Por Claudio Conceição, do Rio de Janeiro

Vilma da Conceição Pinto, diretora da Instituição Fiscal Independente (IFI) e ex-pesquisadora do FGV IBRE, é uma das principais economistas que acompanham as contas públicas do país. Referência para muitos de seus pares, Vilma, nova colunista da revista Conjuntura Econômica, onde irá escrever a cada dois meses, tem alertado sobre os desafios que pairam este ano sobre o Regime Fiscal Sustentável (RFS), criado por Lei Complementar em 30 de agosto do ano passado, com o objetivo de garantir a trajetória da dívida pública em relação ao PIB, preservando os investimentos públicos e alguns gastos prioritários.

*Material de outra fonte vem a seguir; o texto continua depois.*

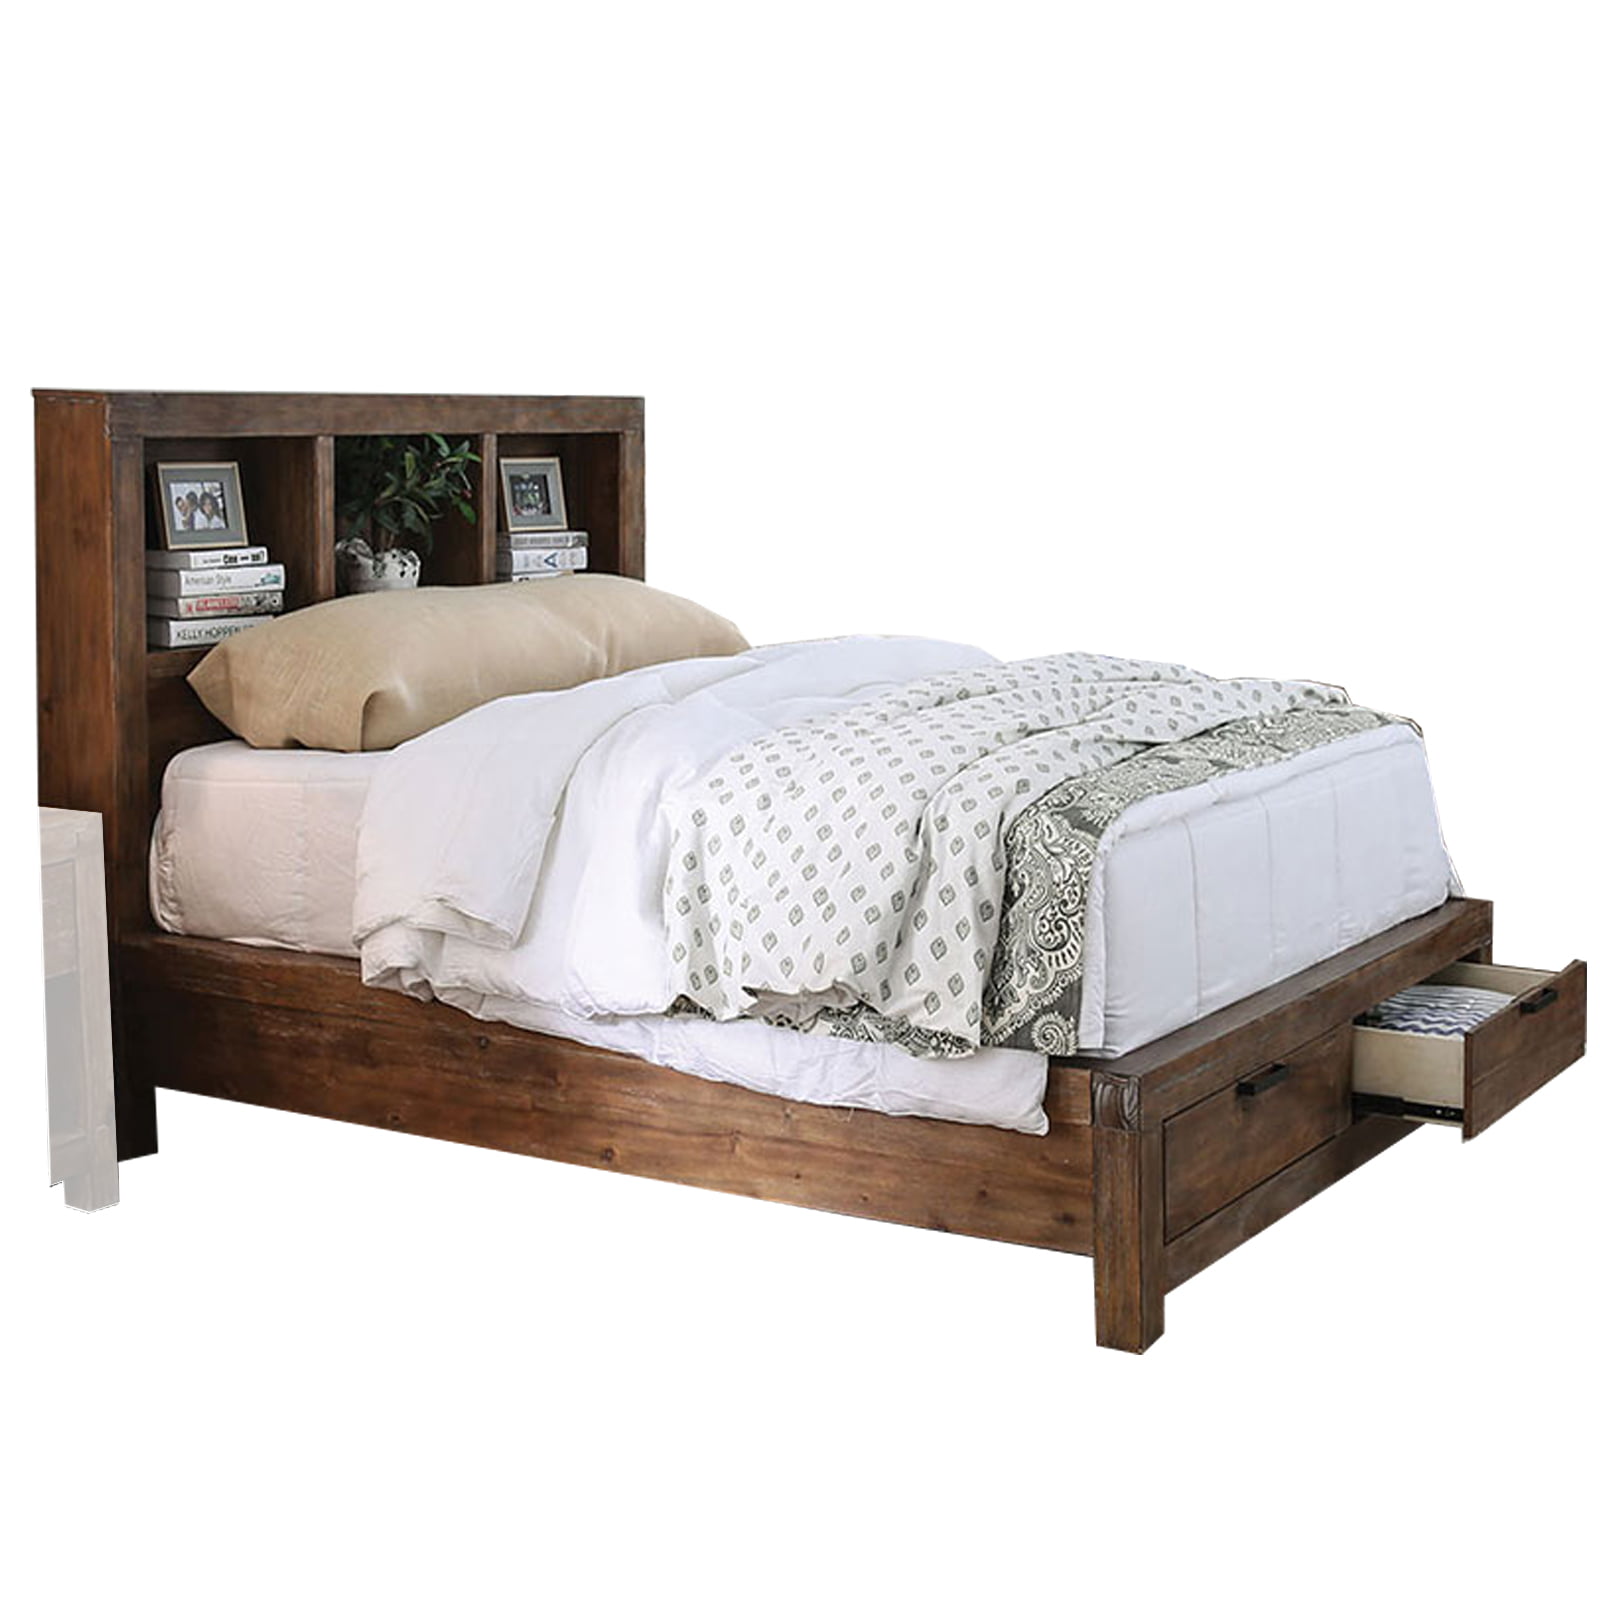 Rustic Wooden Queen Size Bed with Storage Compartments, Brown - Walmart.com

No caso dos investimentos públicos, o quadro é muito ruim. Como publicado no Observatório de Política Fiscal, embora em 2022 as despesas com investimentos públicos tenham apresentado uma leve recuperação, chegando a 2,53% do PIB, ante os 2,02% de 2021, elas continuam muito aquém do necessário, oscilando em torno das mínimas históricas. Ainda não há dados para 2023, pois as informações dos Estados e municípios são muito defasadas.

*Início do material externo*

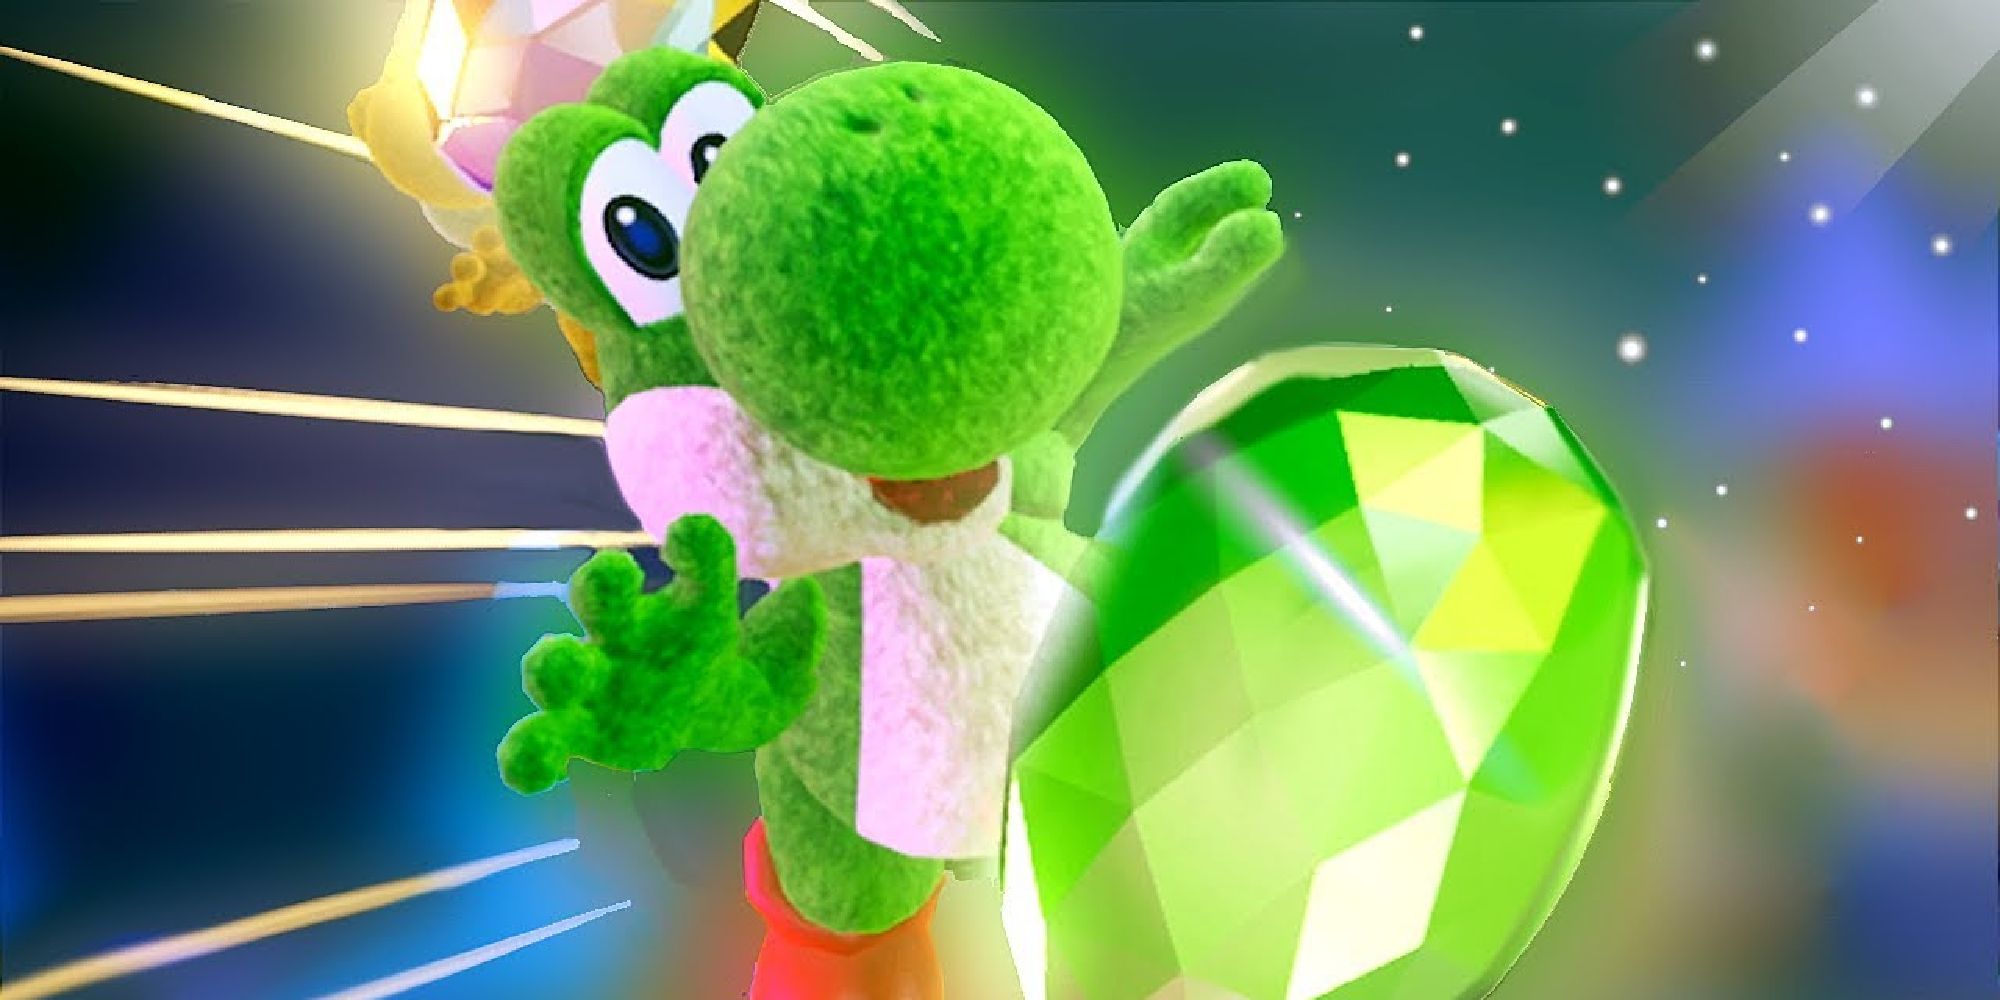 Yoshi posing with a green gem in Yoshi's Crafted World

Também os investimentos totais na economia permanecem muito baixos: no ano passado, foram de 18,82% em relação ao PIB, ligeiramente abaixo dos 18,90% do ano anterior. Mas houve uma recuperação, se olharmos o que aconteceu em 2020, quando os investimentos despencaram para 16,56%, em boa parte pelos efeitos da pandemia que paralisou a atividade econômica. Os números oficiais de 2023 só devem sair após a divulgação do PIB do ano passado pelo IBGE, o que vai ocorrer no começo de março. Mas a sensação de grande parte dos economistas é de que os investimentos voltaram a cair, com perspectivas ao redor dos 17% do PIB.

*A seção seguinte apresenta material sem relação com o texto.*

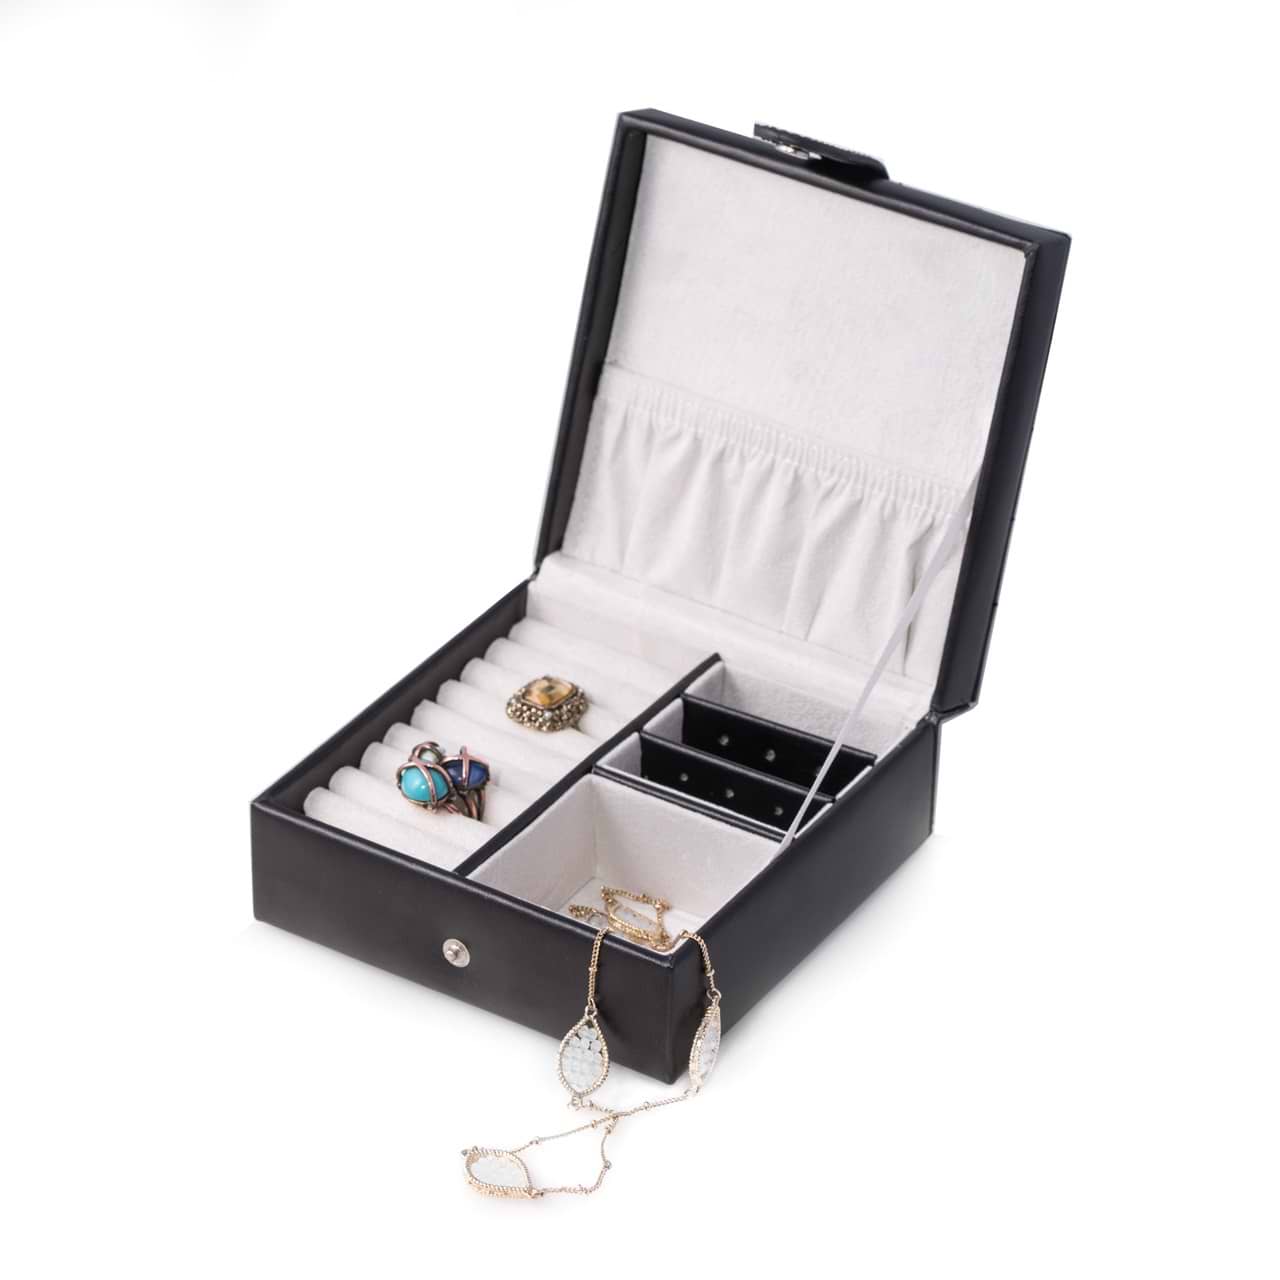 Black Leather Jewelry Box w/ Slots for Rings, Earrings and Compartment

Investimentos (em % do PIB)


Fonte: IBGE – Contas Nacionais. Observatório de Política Fiscal.

Ter sustentabilidade fiscal e, ao mesmo tempo, ampliar os investimentos públicos é o que o governo federal persegue. Lançou o Programa de Aceleração do Crescimento (PAC) e a Nova Indústria Brasil (NIB) – essa tem recebido críticas por resgatar velhas práticas que não deram resultados no passado recente –, ações que buscam dar musculatura ao PIB que, este ano, não terá as mesmas benesses de 2023, especialmente do setor agrícola que pode, devido a secas e chuvas, ter que amargar resultados negativos.

Relembre: Uma nova indústria ou uma volta ao passado?

Neste mês, uma série de revisões sobre o PIB passaram a sair na mídia. Os intervalos vão de 1,3% até 2,5%, em alguns casos. O Boletim Macro FGV IBRE de janeiro manteve sua projeção de um PIB de 1,4% este ano, número que pode ser revisto na próxima edição.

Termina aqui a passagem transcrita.